Go through the listing below and write out exactly the lines from the one that mentions "Cazador-del-sol Suncatchers Bouquet" through the one that mentions "Hubert TeschladeMünster 1921", minus the pictures.

Listed records:
★ ★ ★ ★
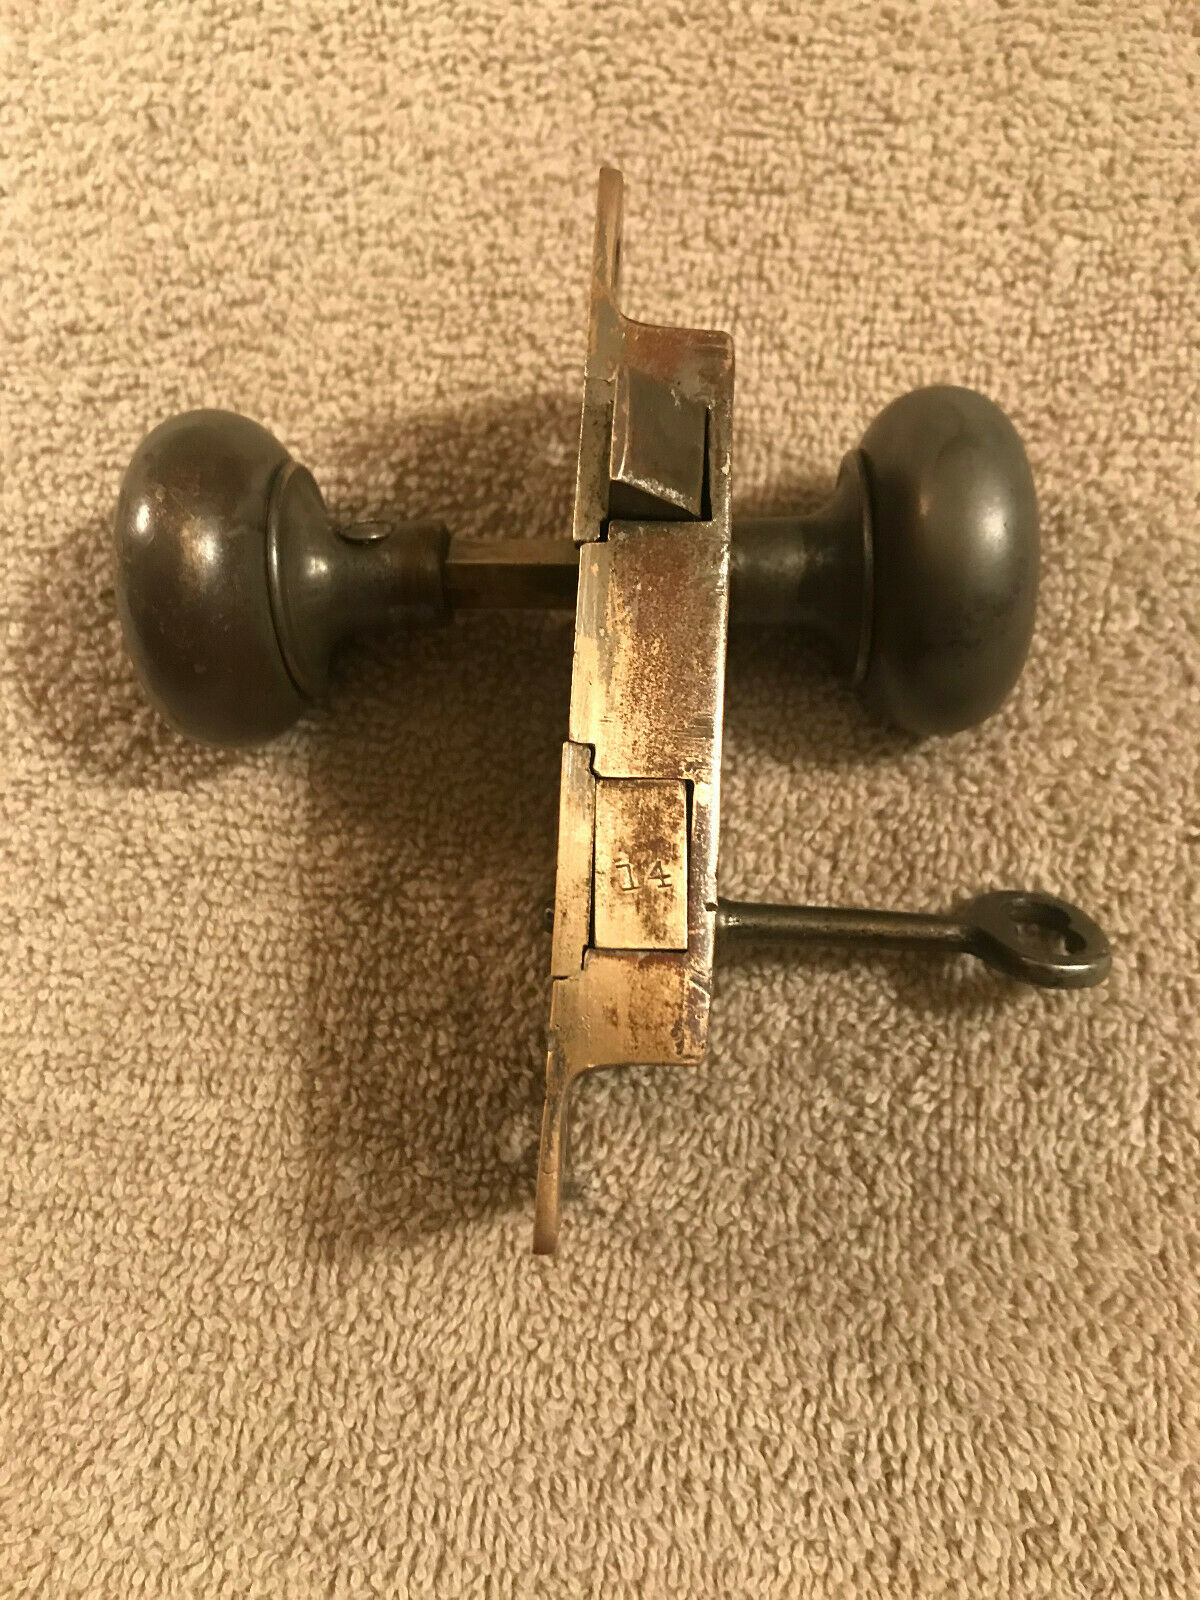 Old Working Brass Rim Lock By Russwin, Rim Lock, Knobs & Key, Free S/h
★ ★ ★ ★
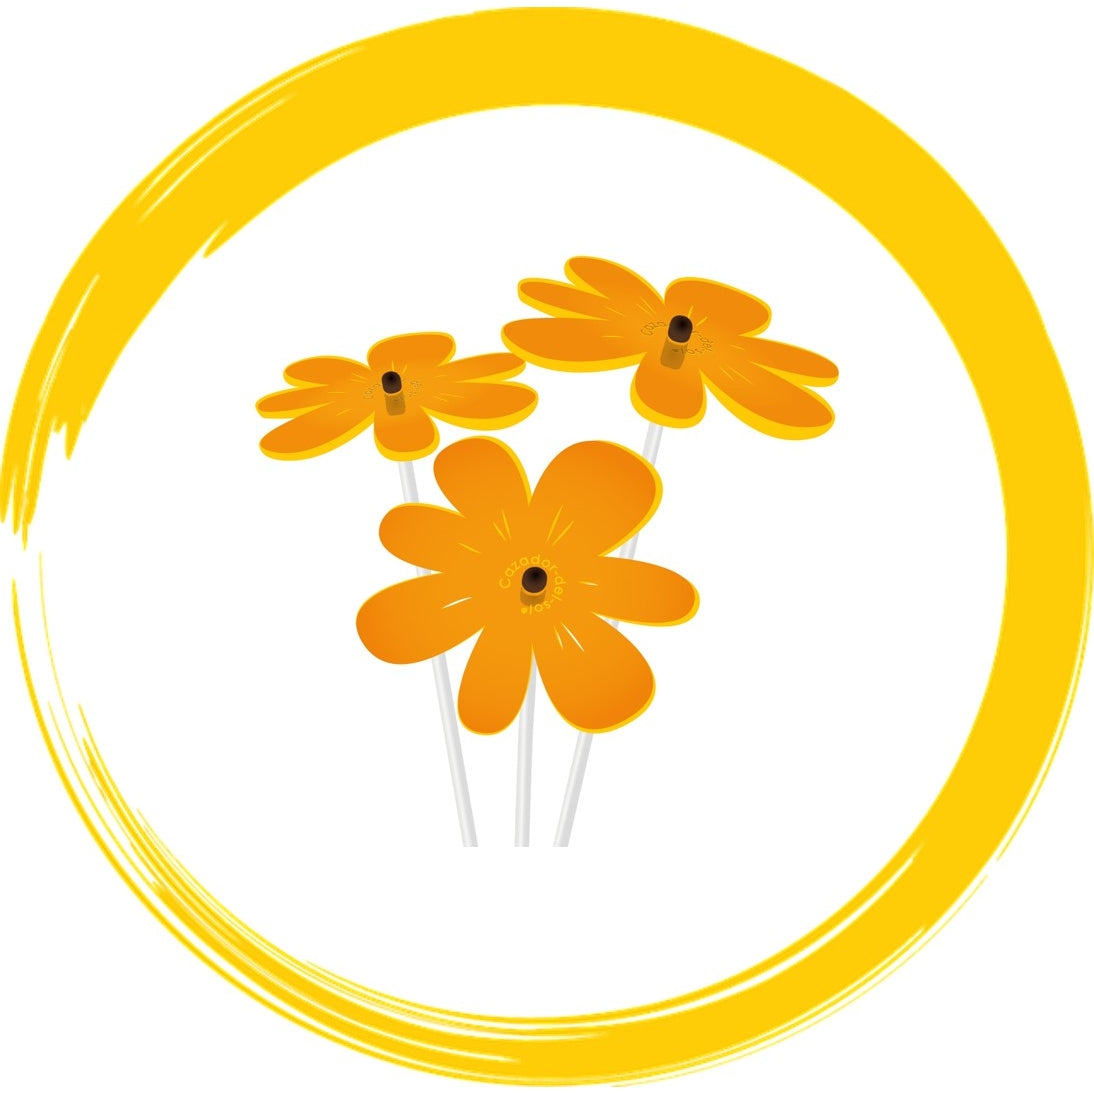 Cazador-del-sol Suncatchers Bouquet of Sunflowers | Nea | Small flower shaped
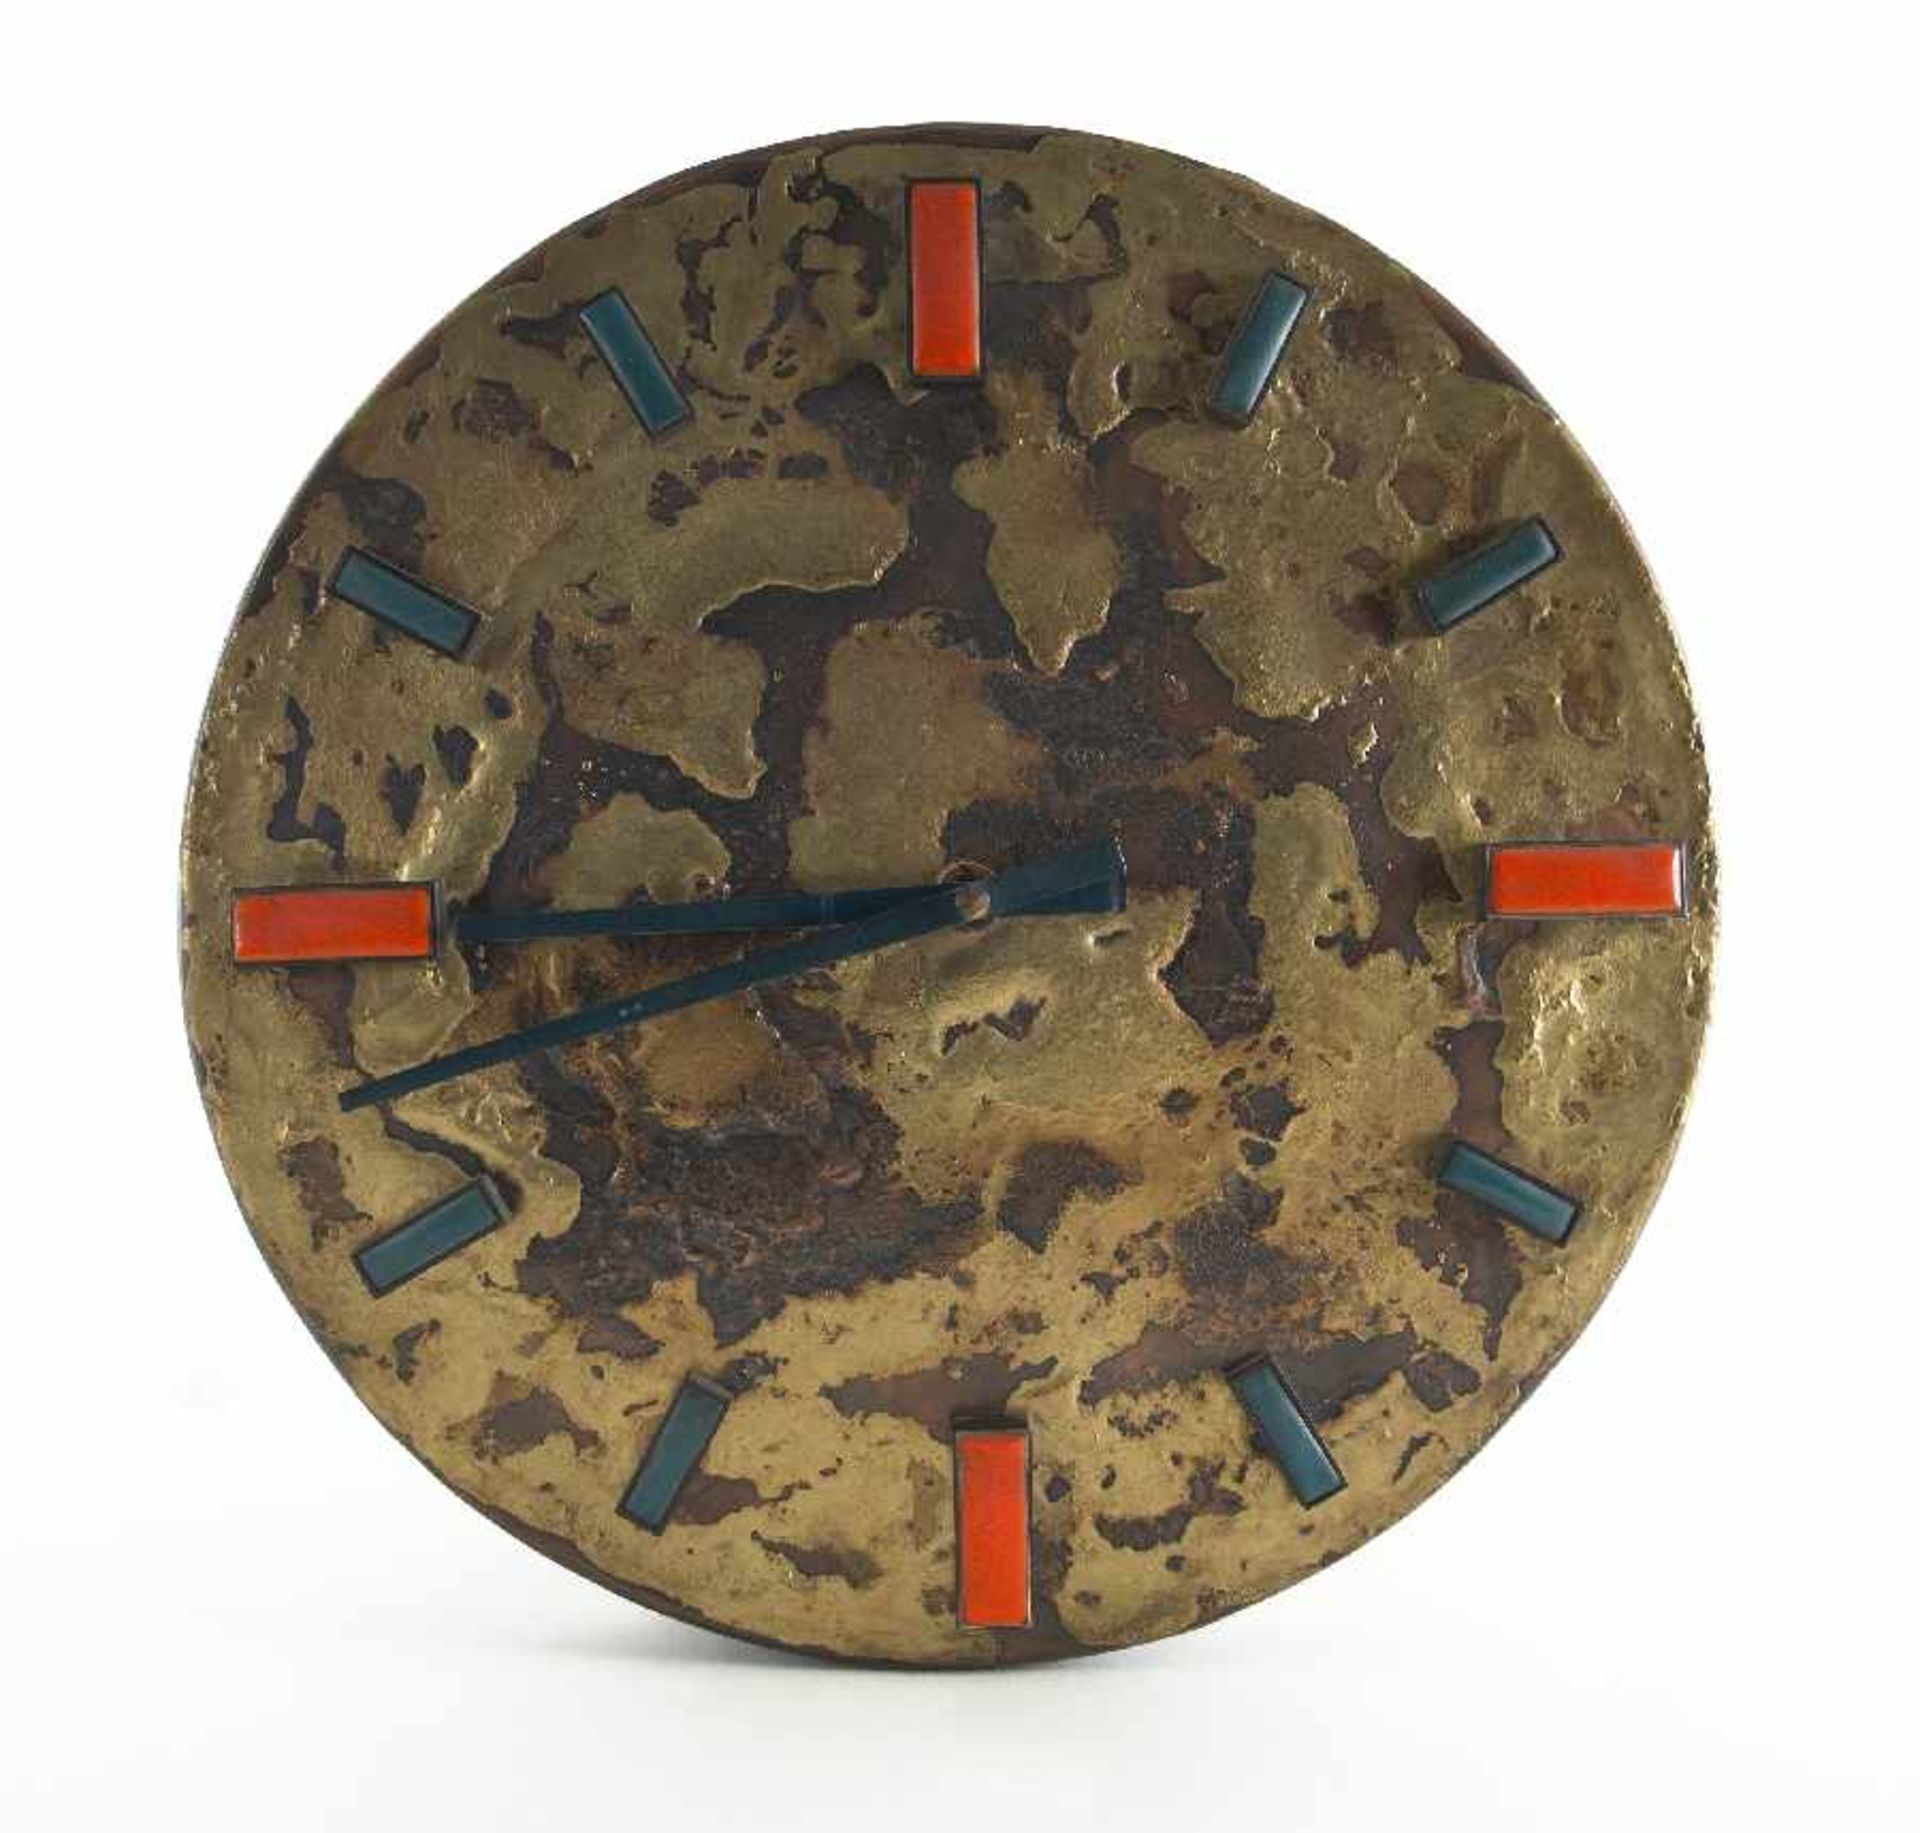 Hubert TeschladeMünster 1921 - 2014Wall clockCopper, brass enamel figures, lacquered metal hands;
★ ★ ★ ★
Final answer:
 Cazador-del-sol Suncatchers Bouquet of Sunflowers | Nea | Small flower shaped
 Hubert TeschladeMünster 1921 - 2014Wall clockCopper, brass enamel figures, lacquered metal hands;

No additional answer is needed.